Two Treatises of Government and A Letter Concerning Toleration
Two of Locke’s most mature and influential political writings and three brilliant interpretive essays combined in an outstanding volume
"The new standard edition of Locke for students of political theory. Dunn, Grant, and Shapiro combine authoritative historical scholarship and contemporary political theory to give us Locke for our time."—Elisabeth H. Ellis, Texas A&M University
Among the most influential writings in the history of Western political thought, John Locke’s Two Treatises of Government and A Letter Concerning Toleration remain vital to political debates today, more than three centuries after they were written. The complete texts appear in this volume, accompanied by interpretive essays by three prominent Locke scholars.
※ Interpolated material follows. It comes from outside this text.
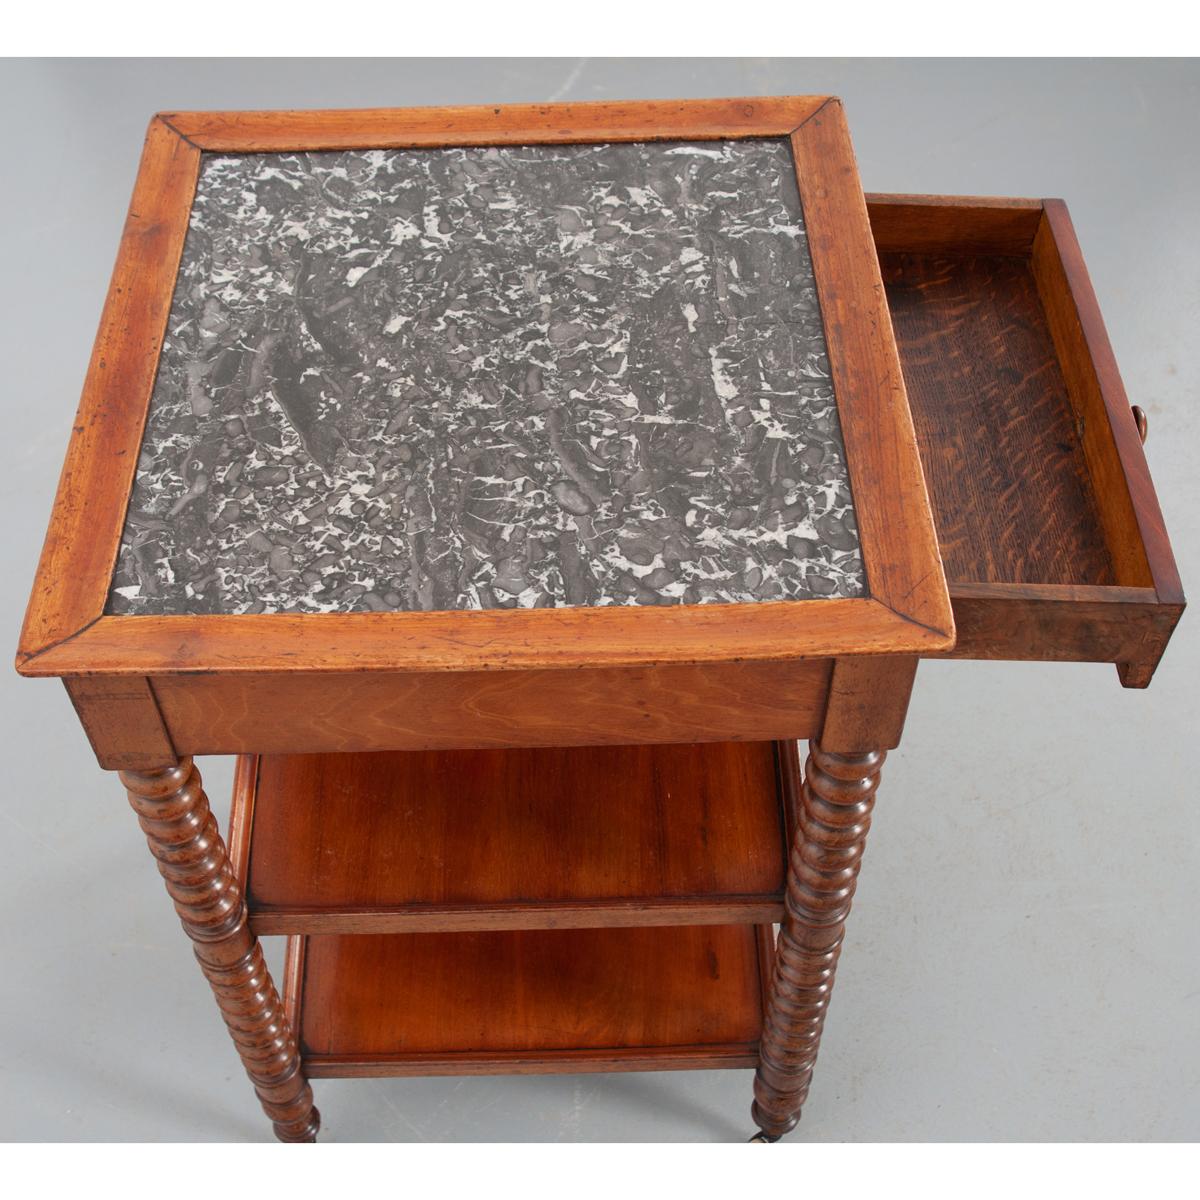 A fantastic three-tiered mahogany side table with marble top, made in France. The black and white marble-top is framed in molded trim. The apron houses a single drawer with a turned knob. Two shelves found below are also framed in molded trim and
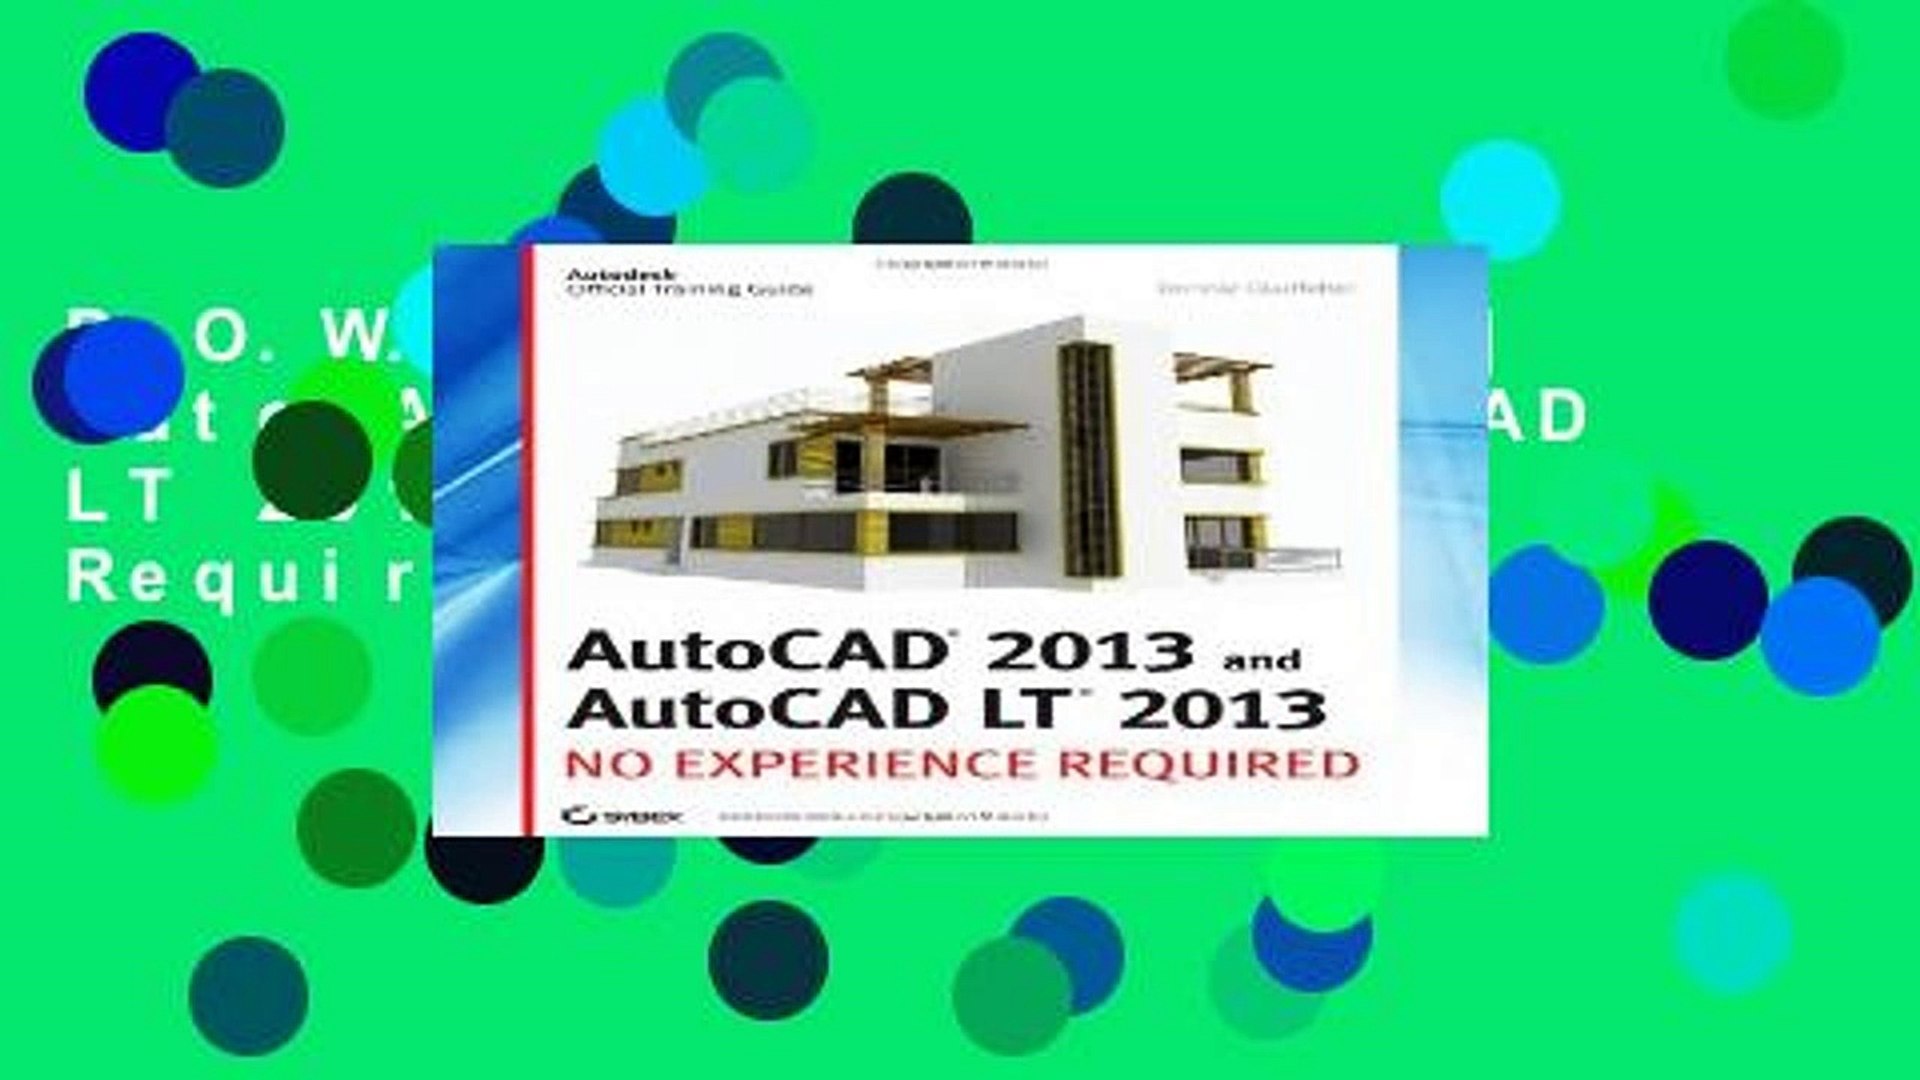 D O W N L O A D P D F Autocad 13 And Autocad Lt 13 No Experience Required Autodesk Video Dailymotion

Ian Shapiro’s introduction places Locke’s political writings in historical and biographical context. John Dunn explores both the intellectual context in which Locke wrote the Two Treatises of Government and A Letter Concerning Toleration and the major interpretive controversies surrounding their meaning. Ruth Grant offers a comprehensive discussion of Locke’s views on women and the family, and Shapiro contributes an essay on the democratic elements of Locke’s political theory. Taken together, the texts and essays in this volume offer invaluable insights into the history of ideas and the enduring influence of Locke’s political thought.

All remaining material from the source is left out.